The defendant said he hit her with the small hammer first, around 15 to 20 times on the head. "I used the bigger hammer when she was on the ground," he added.
He told gardaí that he had tried to use a knife to stab her in the chest but it was too blunt. He said he tried to stab her three times but gave up when it wouldn't work. The boy said he had to finish what he was doing and didn't feel he could stop.
Prosecution counsel Michael Delaney SC said a garda who examined the selfie type picture taken by the accused found there was blood splatter on the boy's face. Over his left shoulder, the court heard, was a person lying on a tiled floor with their legs raised on the couch.

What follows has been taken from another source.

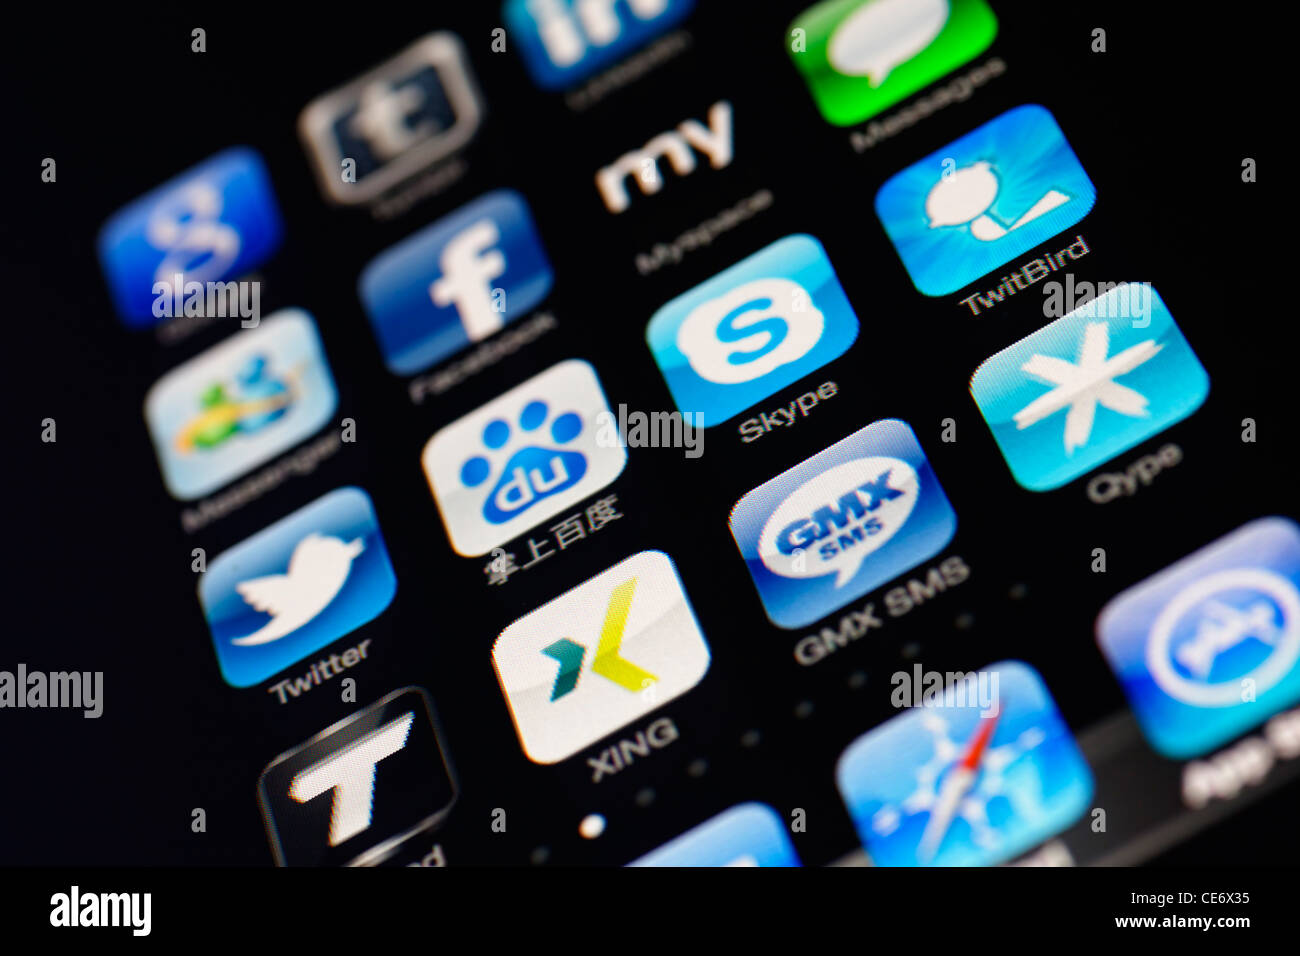 Muenster, Germany, January 26, 2012: Image of the iphone touch screen. Display shows a collection of useful apps with blue color Stock Photo

He said the victim was lying in a pool of blood with facial injuries.
The video posted on Snapchat was 17 seconds long and the camera focused on a sledgehammer standing upright on the bloodied tiled floor. The court heard the camera pans to the left and there is a body in a pool of blood with severe facial injuries.
"The camera lowered over the face of the victim, whose front skull was shattered; a large hole in the skull," said counsel.
The camera then panned to the right of the body where brain material and blood can be seen on the floor. A clock on the wall behind showed the time as 12.36pm.
The camera then pans in closer to the hole on the face and then zooms in on the brain matter on the floor. It then pans back to the left and over the body and upwards before moving over Ms Woodnutt's head injury.
The barrister said the video was uploaded to Snapchat at 12.45pm that day. A garda Inspector agreed with counsel that messages sent and received were recovered on Snapchat and some users had screenshot material "in the chat".
The court heard the boy was heavily involved in bodybuilding, general strength and the consumption of protein as part of a person's diet.
The juvenile's defence counsel Mr Dwyer submitted to the court that his client has high functioning autism with poor social skills. He said his client had attacked the victim with the "most extraordinary ferocity".